As for housing..... wow. Just no chance really. I was released to an approved premises hostel and getting a property to move on was extremely difficult! There are so many barriers to housing as well as jobs that you feel like there is no point in even being alive! My case worker in the hostel (who really was just an amazing woman in general) managed to get a landlord to let a room to me. The room was ok, the house was horrible and the garden was literally piled up with rubbish bags that stunk the whole house out! But I took it because I knew that I was 'lucky' to have the opportunity to get on with my life. So things at this time was looking more positive (just needed to demolish that wall into employment)... then, it was posted on the internet what area i was in, details of my offence (some inaccurate may I add!) And my photo. I no longer felt safe in shared accommodation and I left the area for a while. I only went back because I am in a relationship and my partner lives in that area. But it meant that as well as no job still, I now had no accommodation again. All of this of course puts a strain on my relationship too. Everything has a knock-on effect and never seems to balance out and get better.
I managed to get a job at a warehouse, which I knew was pure fluke, but after a week my partner and I had an argument and I had to move out. I don't drive and couldn't get back to the job from where I was, so I had to leave it! We are back together but now I'm jobless again.... And I recently was informed by an agency that I was with for 7-8 months (despite being honest and disclosing my conviction when signing up with them) that due to my conviction they can not offer any jobs to me! I contacted them several times in those months and not once did they say anything! I am livid!
And after all the hassle I've experienced, I have now hit rock bottom. I am now in a situation where, I can't live with my partner until I have a job because it's not fair on her (or myself even) that she has to support me as well as herself and her flat.
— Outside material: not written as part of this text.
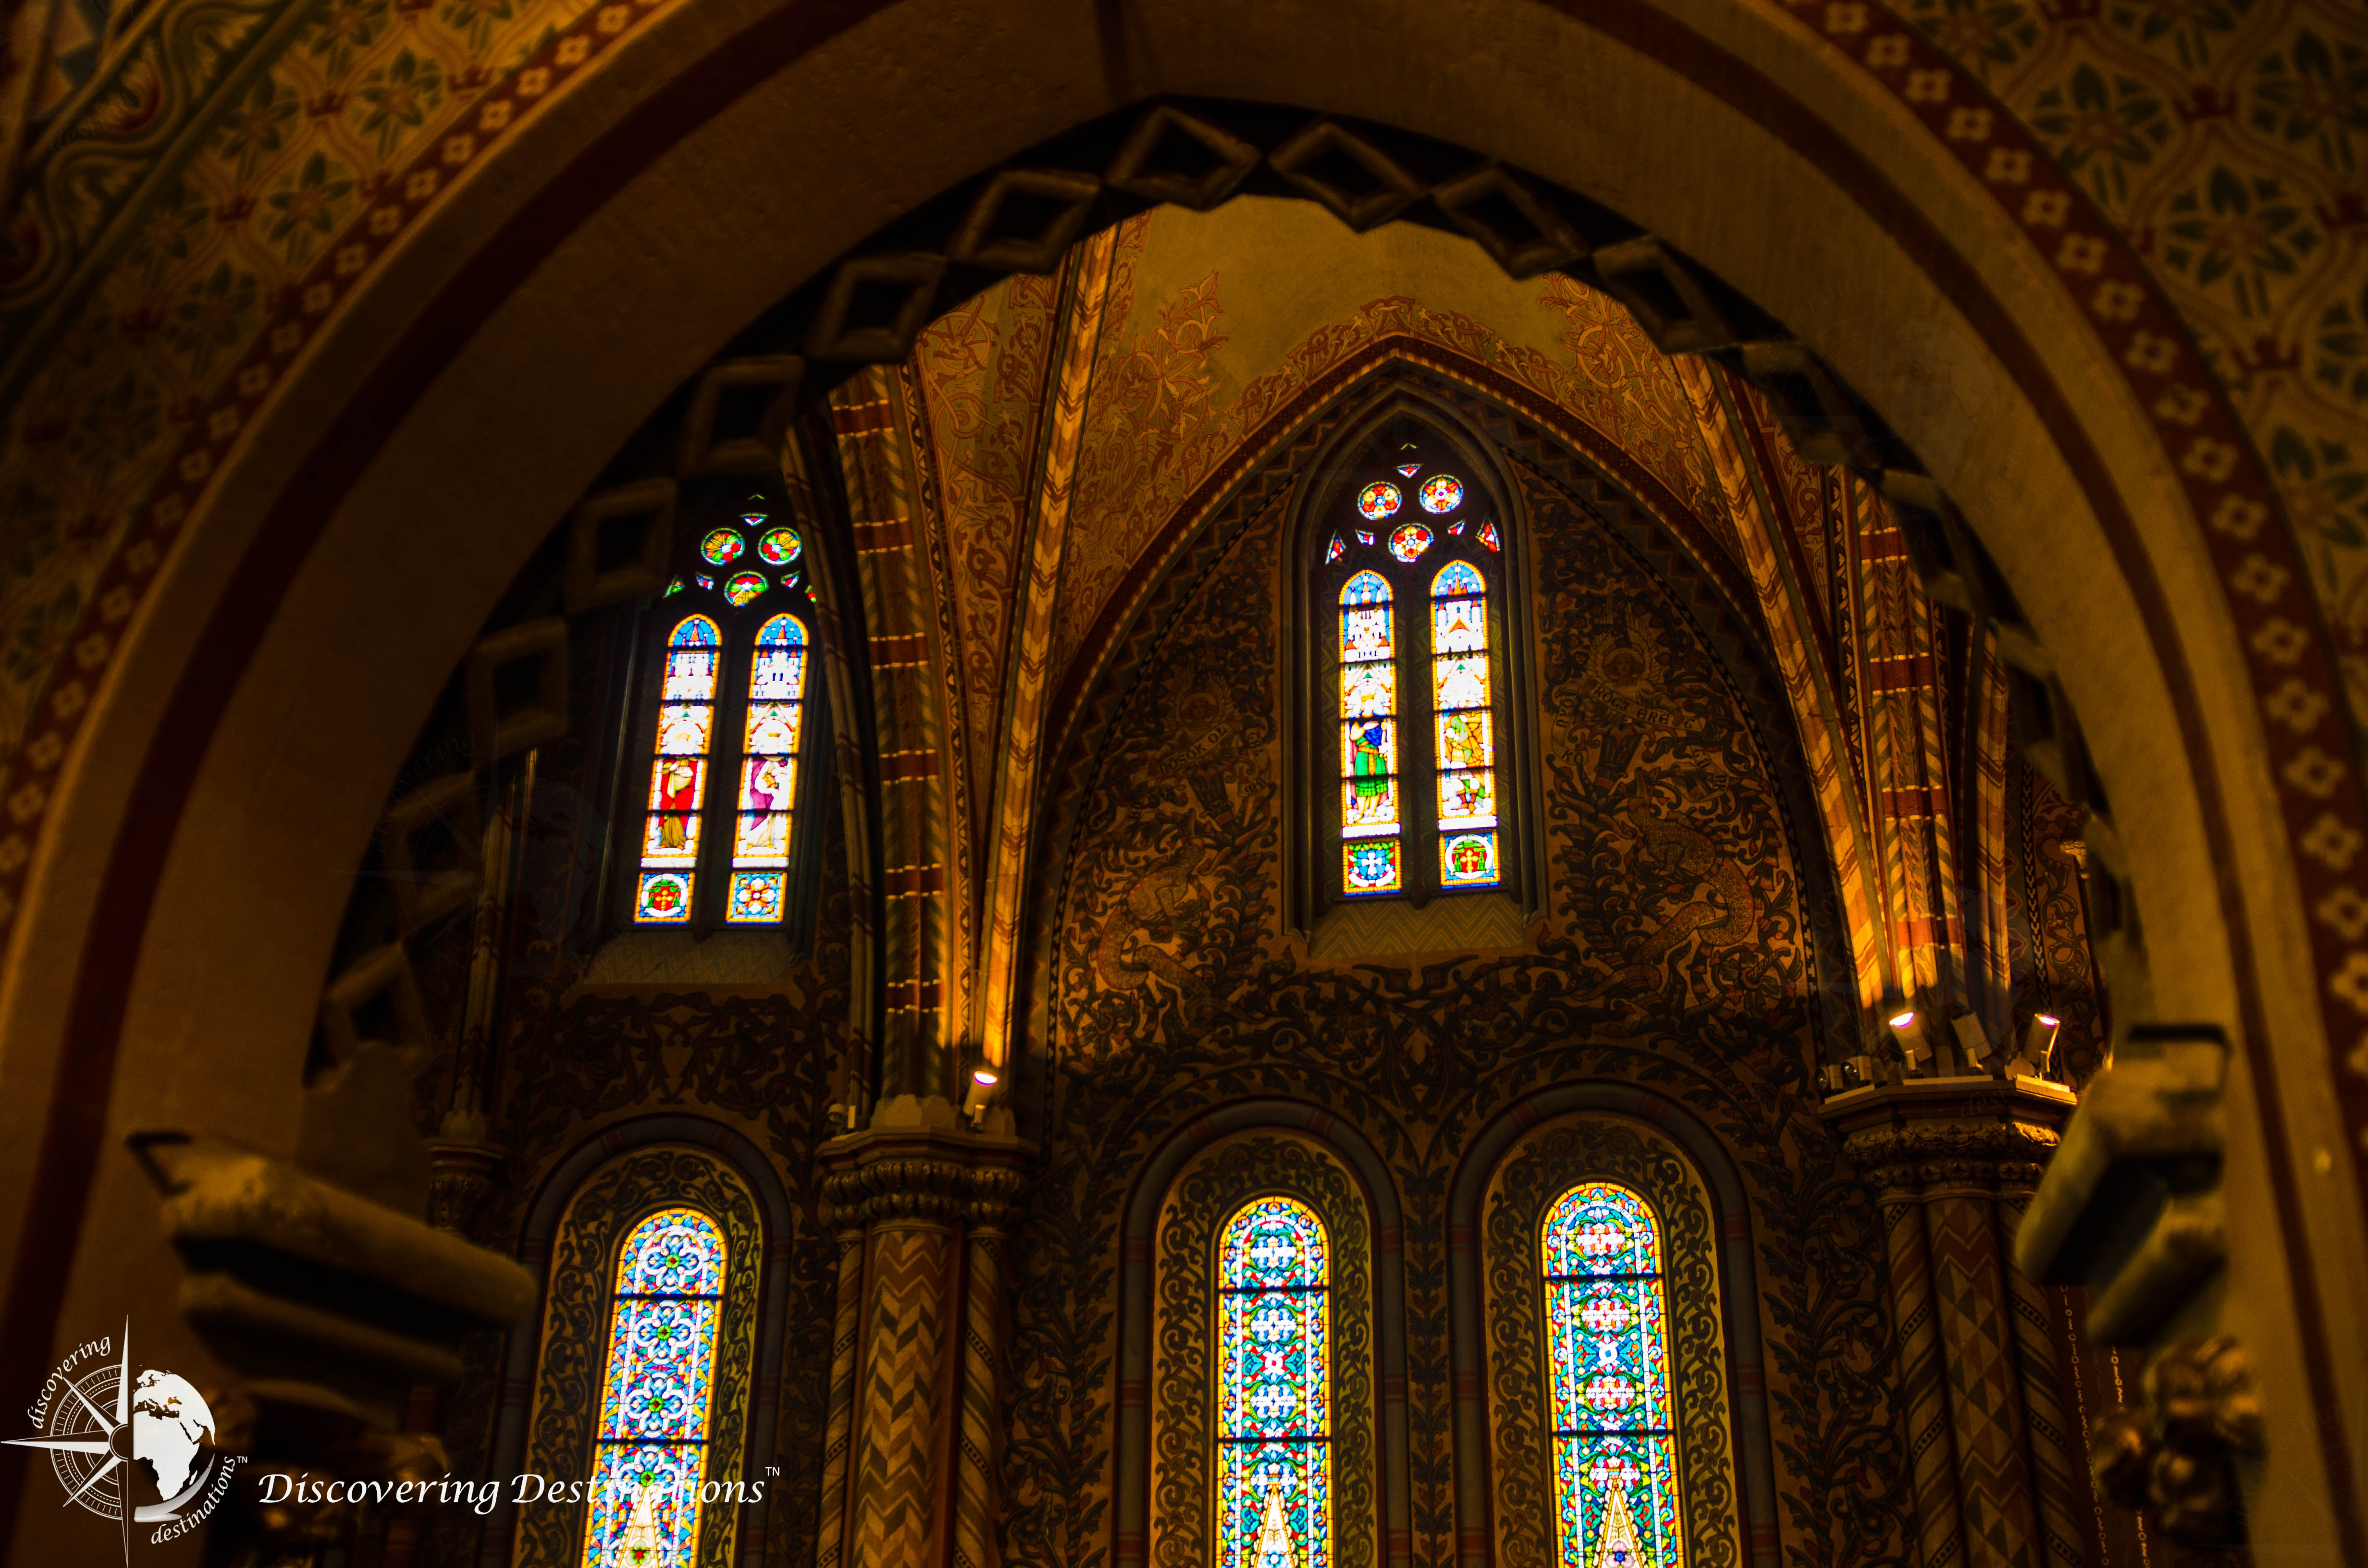 Discovering St Matthias Church

I am now living in the area where I was convicted (definitely feels like a prison as I can't leave my mum's house without fear of being seen), so I can't get a job around here, don't drive so can't really work outside of the town either. Jib centre is threatening to sanction me if I don't apply for jobs (but like myself, he doesn't know where I can work, what jobs I can go for, what help I can get... but I'm expected to know?!)... the way I see it, there is only 2 options for me. Prostitute myself or end it all.